**DIRECTIONS FOR THIS TASK**
Say how many lines below have "Chiffon" in them, giving the number alone.

(EXERCISE MATERIAL)

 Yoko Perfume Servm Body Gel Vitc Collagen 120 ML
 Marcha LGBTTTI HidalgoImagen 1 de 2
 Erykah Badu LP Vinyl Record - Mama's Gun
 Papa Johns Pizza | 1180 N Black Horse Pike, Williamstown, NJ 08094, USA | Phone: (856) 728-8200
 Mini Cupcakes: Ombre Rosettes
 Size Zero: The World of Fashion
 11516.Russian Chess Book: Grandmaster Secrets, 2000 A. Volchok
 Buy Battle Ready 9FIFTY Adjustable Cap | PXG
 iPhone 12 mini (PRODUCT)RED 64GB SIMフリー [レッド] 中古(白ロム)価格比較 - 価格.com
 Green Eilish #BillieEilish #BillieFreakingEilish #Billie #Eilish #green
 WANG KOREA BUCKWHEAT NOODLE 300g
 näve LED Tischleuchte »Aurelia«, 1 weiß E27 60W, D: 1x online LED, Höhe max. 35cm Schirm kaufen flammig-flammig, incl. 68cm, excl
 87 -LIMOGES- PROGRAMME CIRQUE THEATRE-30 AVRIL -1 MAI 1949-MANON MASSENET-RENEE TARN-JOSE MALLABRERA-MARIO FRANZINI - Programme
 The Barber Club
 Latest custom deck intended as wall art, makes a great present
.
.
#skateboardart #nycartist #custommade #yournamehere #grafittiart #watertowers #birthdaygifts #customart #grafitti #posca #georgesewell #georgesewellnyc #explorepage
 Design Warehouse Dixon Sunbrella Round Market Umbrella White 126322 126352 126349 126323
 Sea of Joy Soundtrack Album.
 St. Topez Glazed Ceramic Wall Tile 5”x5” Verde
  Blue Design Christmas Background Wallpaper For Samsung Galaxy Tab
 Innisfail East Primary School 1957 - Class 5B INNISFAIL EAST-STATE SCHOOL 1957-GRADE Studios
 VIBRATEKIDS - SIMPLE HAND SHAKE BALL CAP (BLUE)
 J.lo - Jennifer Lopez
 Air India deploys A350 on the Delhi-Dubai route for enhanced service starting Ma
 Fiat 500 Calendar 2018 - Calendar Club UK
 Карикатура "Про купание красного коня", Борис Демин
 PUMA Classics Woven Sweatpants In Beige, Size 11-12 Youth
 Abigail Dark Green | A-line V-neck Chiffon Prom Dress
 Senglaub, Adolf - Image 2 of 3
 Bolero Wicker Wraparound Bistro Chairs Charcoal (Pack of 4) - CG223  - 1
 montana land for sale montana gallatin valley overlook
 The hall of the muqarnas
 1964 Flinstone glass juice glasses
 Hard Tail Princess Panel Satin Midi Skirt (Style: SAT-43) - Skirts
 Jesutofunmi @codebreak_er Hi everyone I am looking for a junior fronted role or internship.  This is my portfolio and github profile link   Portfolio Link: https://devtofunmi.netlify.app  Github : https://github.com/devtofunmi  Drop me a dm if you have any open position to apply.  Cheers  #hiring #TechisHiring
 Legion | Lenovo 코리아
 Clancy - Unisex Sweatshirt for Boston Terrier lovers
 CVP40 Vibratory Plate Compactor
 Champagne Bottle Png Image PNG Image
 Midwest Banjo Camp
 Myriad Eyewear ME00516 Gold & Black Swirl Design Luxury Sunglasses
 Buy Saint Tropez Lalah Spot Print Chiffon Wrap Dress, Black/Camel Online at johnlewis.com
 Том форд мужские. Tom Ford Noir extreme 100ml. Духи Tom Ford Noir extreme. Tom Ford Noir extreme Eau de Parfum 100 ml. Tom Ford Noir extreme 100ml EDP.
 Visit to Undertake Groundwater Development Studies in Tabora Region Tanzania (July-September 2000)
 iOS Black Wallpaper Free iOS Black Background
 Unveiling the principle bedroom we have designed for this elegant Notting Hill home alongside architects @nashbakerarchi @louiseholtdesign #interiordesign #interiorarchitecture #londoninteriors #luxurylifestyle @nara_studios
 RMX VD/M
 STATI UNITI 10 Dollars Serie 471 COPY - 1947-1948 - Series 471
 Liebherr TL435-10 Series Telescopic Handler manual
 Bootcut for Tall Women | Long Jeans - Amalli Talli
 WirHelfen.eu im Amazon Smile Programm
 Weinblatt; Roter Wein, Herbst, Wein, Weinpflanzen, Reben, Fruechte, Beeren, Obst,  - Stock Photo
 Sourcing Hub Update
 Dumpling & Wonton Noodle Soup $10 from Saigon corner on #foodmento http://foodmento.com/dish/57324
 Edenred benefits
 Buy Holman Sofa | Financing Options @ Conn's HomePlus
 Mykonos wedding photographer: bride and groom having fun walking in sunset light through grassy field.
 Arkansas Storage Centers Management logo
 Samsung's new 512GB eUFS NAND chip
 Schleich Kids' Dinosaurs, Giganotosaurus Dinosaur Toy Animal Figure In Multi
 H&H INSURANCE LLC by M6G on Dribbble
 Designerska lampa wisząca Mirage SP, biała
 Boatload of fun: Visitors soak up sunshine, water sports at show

(End EXERCISE MATERIAL)

**REPLY TO THE TASK**
2